Selling pickaxes during a gold rush - riffer
http://cdixon.org/2011/02/05/selling-pickaxes-during-a-gold-rush/
======
maxklein
The problem here is simple: The people buying pick-axes are much smaller than
the people buying gold. If there are 1000 people buying gold, there are 100
people mining for gold, and 10 people selling pickaxes. So the pick-axe market
is quickly going to be dominated by someone who executes well and can offer
the best pick-axes at prices less than what anyone else can compete with.

It's like frameworks - only a few rise to prominence, and that's because they
are constantly developed, well marketed, etc. There is little space for a lot
of choice in the tools market. The winners take all.

In the consumer market, however, even if you don't make a blow-out hit, your
chance of getting by are much bigger. Even if you find a little gold, you can
always sell it off and survive. But if you're selling pick-axes and they are
lower quality and more expensive than the axes of the other established
players, you'll not sell anything and die quickly.

In both cases it just comes down to who is smarter and faster and can better
manage their finances to expand wisely. Both the pick-axe business and the
gold business need proper intelligence and good business sense, and those who
can bring both will be successful in either business.

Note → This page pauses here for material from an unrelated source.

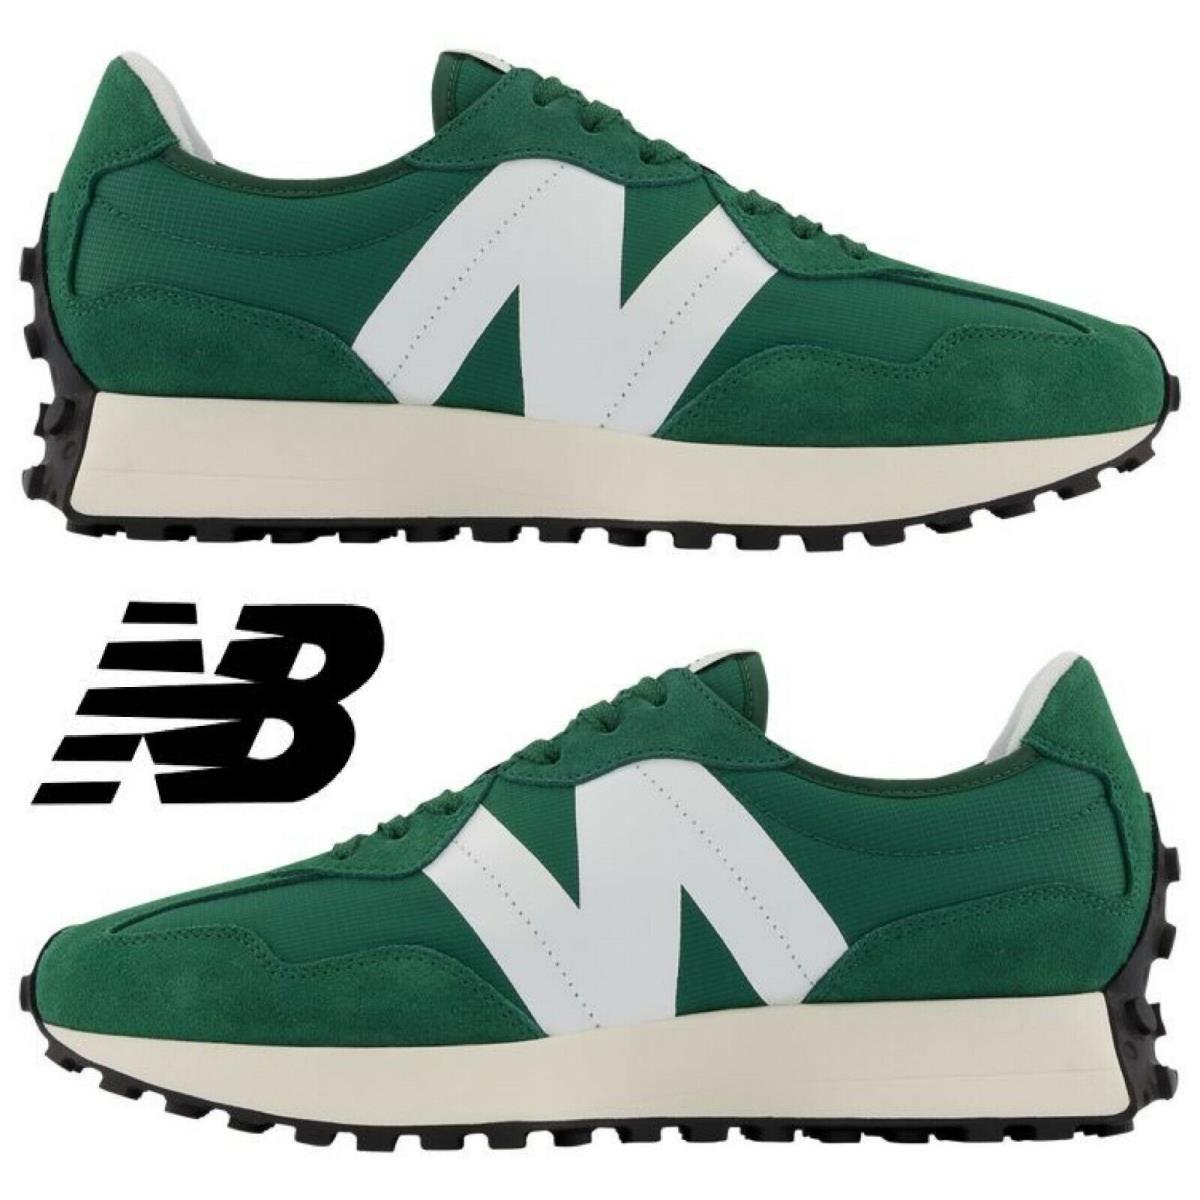 New Balance 327 Men`s Sneakers Casual Shoes Running Premium Comfort Sport - Green , Forest Green/White Manufacturer

Another consideration is this: It's easy to find gold. It's not easy to sell
pick-axes. For pick-axes you need a supply chain, a cheap source, a marketing
strategy. Gold panning requires a pan and some luck. The people who go for the
Gold rush are normal people hoping to get lucky. They lack the skills to
actually produce and sell jeans. Even if they tried, most of them would not be
able to sell pick-axes.

So you can't really advice them to go sell pick-axes, as that is a more
skilled business than panning for Gold.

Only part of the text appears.